In conjunction with or instead of the statistical analysis, the vocabulary can be 
reduced by utilizing certain n-gram words as equivalent. Proteins with similar function 
can diverge through evolution. In other words, evolutionary changes that involve 
conservative amino acids substitutions (replacing an amino acid with one of similar 
chemical character) often occur. Therefore, treating n-gram words representing amino 
acids having a similar chemical character as identical will further reduce the vocabulary 
without deleterious effects on the analysis.

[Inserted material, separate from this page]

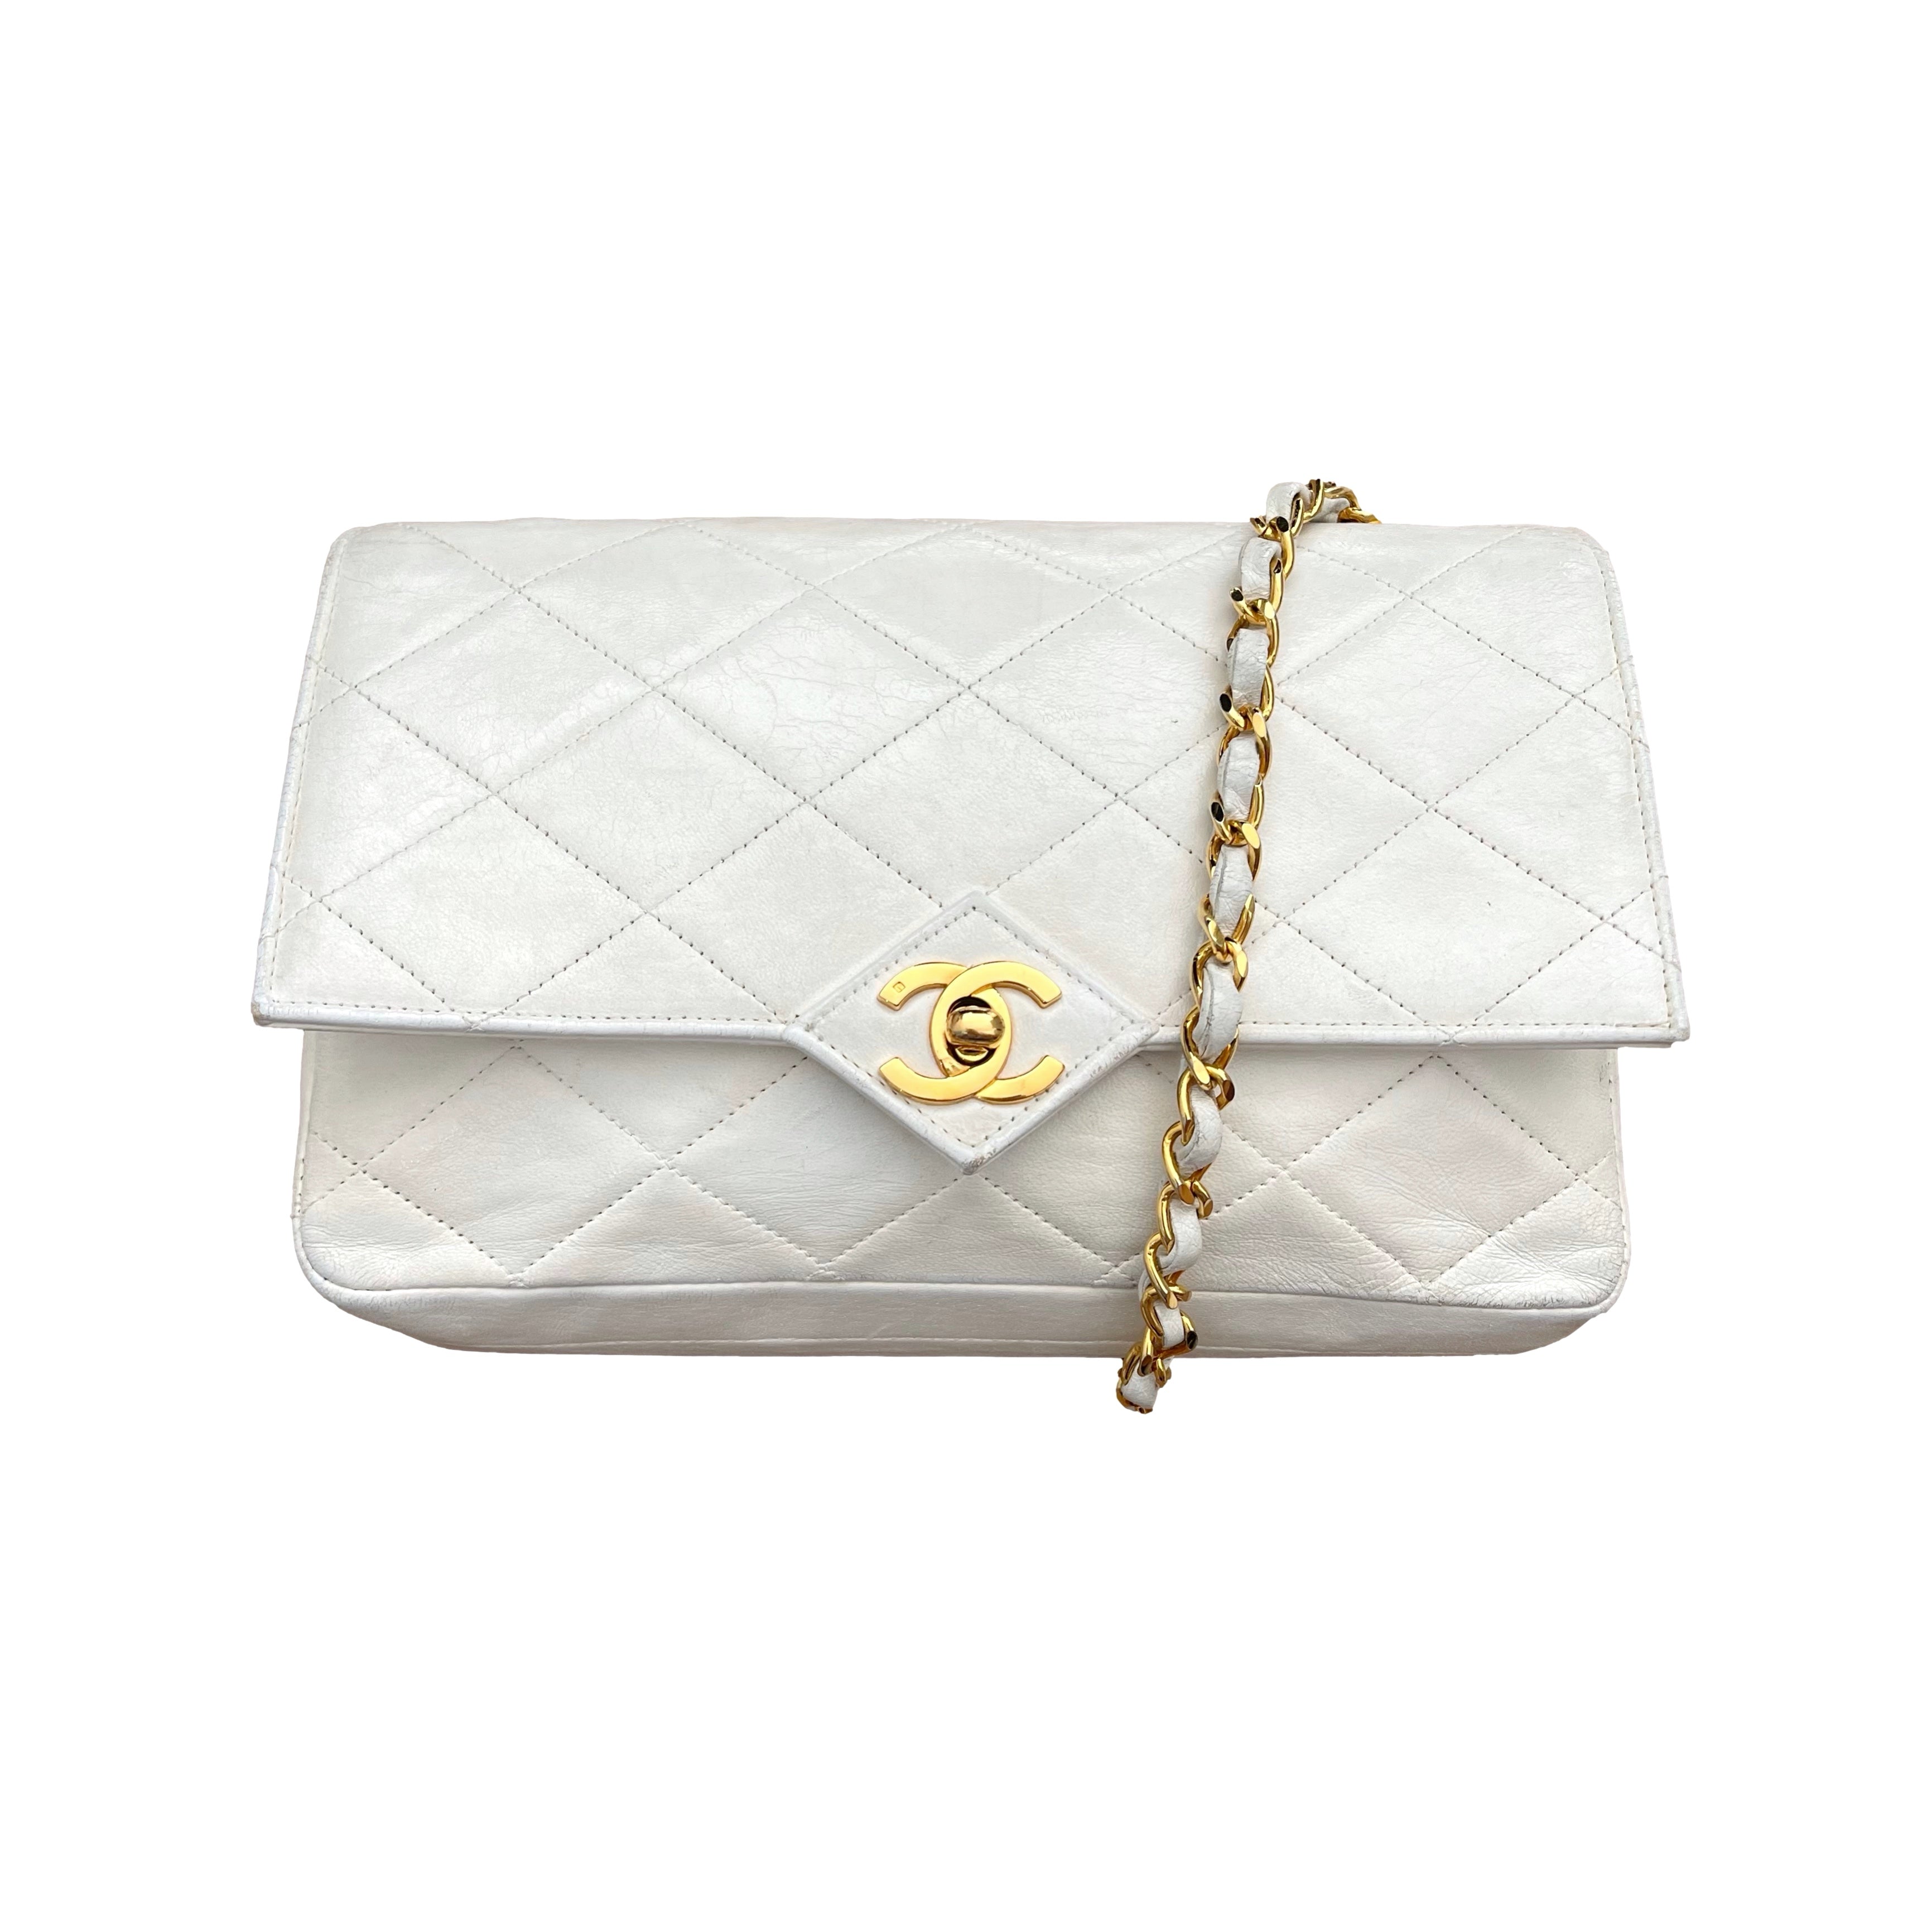 Treasures of NYC - Chanel White Lambskin Flap Bag

For example, the n-gram word GGE 
(glycine-glycine-glutamic acid) is quite different from the n-gram word GGD 
(glycine-glycine-aspartic acid). However, with a conservative amino acid substitution, 
the n-gram word for both will be equivalent, with the proteins having the different 
n-gram words being viewed as more similar. To reduce the size of very large 
vocabularies, even more latitude can be incorporated into the substitutions, for 
example, using a single letter for all polar amino acids. As the vocabulary is reduced 
using any of the above methods, longer n-gram words may be used. Thereby, 
comparisons of longer sequence fragments can be made. 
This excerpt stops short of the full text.